Six months later, it appears very likely that many of the justices who endorsed the contextual approach in Bostock will flip to a strict grammatical view in Duguid. The appearance that policy preferences may be driving that migration undermines one of the principal rationales Scalia theorized for textualism: that it offered a neutral benchmark for judicial decision-making. What we saw taking hold on Tuesday looks far more like a regressive variant of judicial activism. If so, the TCPA’s junk call provisions may be the first of many cherished protections whose reach is diminished under this new flag of textualism.

So, there you go.

I have spent the better part of the afternoon in my recliner throwing my socks at the window blinds.  Why, you wonder?  There is a Verdin attempting to feed from the hummingbird feeder. The male, very territorial, hummer comes and buzzes him, but the Verdin will not leave.  So I throw the socks to rattle the blinds and he flies off, but he comes back.  After the level of the sugar water goes down a little he can't drink, but until then he'll return. 

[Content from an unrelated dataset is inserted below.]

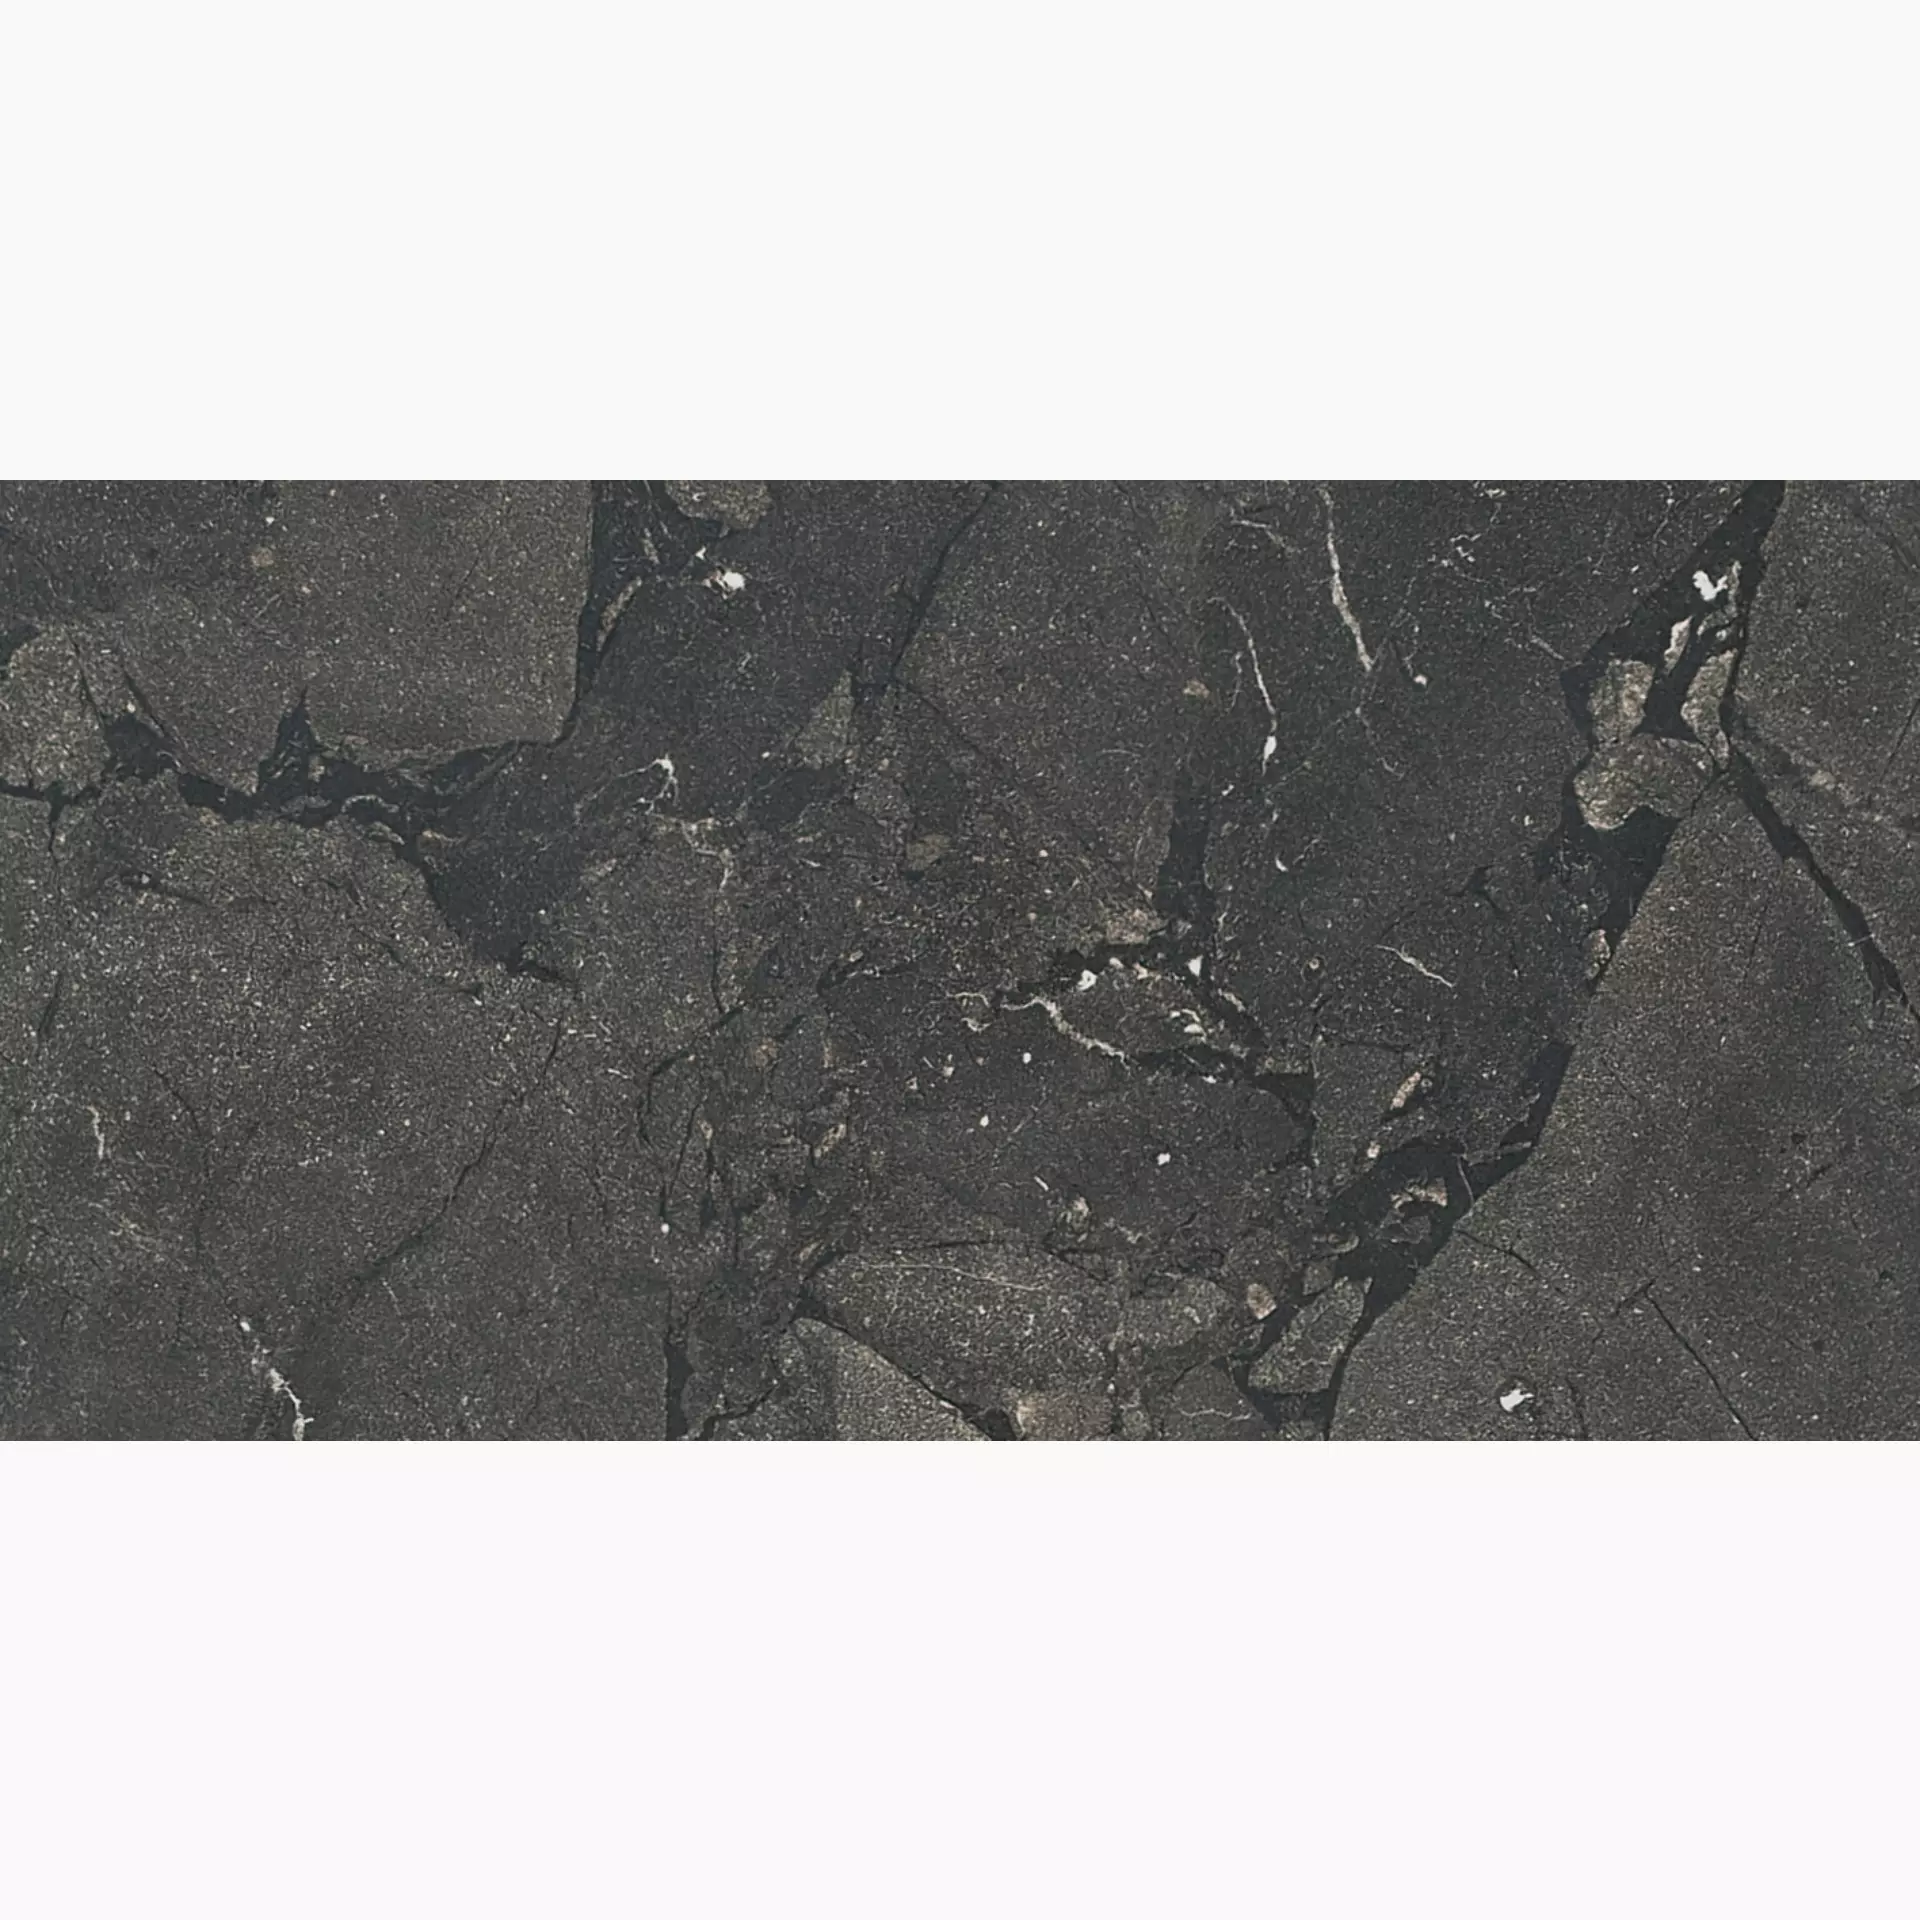 Florim Timeless Black Deep Naturale – Matt 744860 30x60cm rectified 9mm

We don't have the Annas hummingbirds that we did at the Rincon RV park.  We have Black Chins.  They're sort of a drab looking hummingbird.  The male is hysterical.  If we walk out the front door he buzzes us.  He flies around my head.  We walked across the street to get the mail, and on our way back he flew at us in the driveway.  I guess this is his house and we're merely here to feed him.  Here he is in the palm tree protecting his territory.

It did rain starting last night, through the night and off and on all day.  It's cold, too.  OK, it's 57, but it feels cold because of the cloud cover.  Rain is good, we need more.

This is from Nextdoor.  This person is not the only one to hold this view.  It's disheartening.

So, the US enrolled 30,000 people in stage three trials, and they all died, and nobody noticed?  It's an amazing statement here.


  1. Wow, no words for the stupidity that abounds on this planet.

    I love hummingbirds, although I might not like being dive bombed by one:)

  2. What Lily cedar said- yes. The stupids are taking over I fear. Let them die of covid...Sadly that is not how it works though is it? The orange blarb still walks among us.

  3. WOW! Our planet is doomed if these people keep reproducing.

  4. How exactly would that person know everyone died? Weren't in the trials (obviously or'd be dead). Peeked in the window? The world is a weird and scary place these days.

  5. people in this country are stupid. mainstream news is lying to us but every whackadoodle conspiracy site out there is telling the truth.

    as for the spam, I just don't answer unless the caller is in my contact list. if it's legit, they can leave a message and I'll call them back.

  6. Scary times on all fronts.....we're in Lake Havasu City sitting quietly beside the water. All is well until we leave the park to perhaps grocery shop. Then we're confronted with screaming "F CK BIDEN" signs everywhere we go! Is no where civilized anymore?

    Perhaps just put less sugar water in the feeder so the poor Verdin can't reach it. Voila! Socks stay where they belong! OR you could let the little guy have some food, he surely can't drink much!

  7. Interesting, I think a Verdin is a bird I've never heard of. He's a cute little fellow but should stick to seeds and insects and leave your hummingbird's feeder alone. My mother used to call the dominant male h-bird at their feeders "Atilla the Hum", because he always dive-bombed her and any other unsuspecting h-birds who dared to approach the feeder. They eventually ended up with four feeders so all who wanted to drink, could. Atilla still held court, but others were able to sneak in and feed. He could only do so much!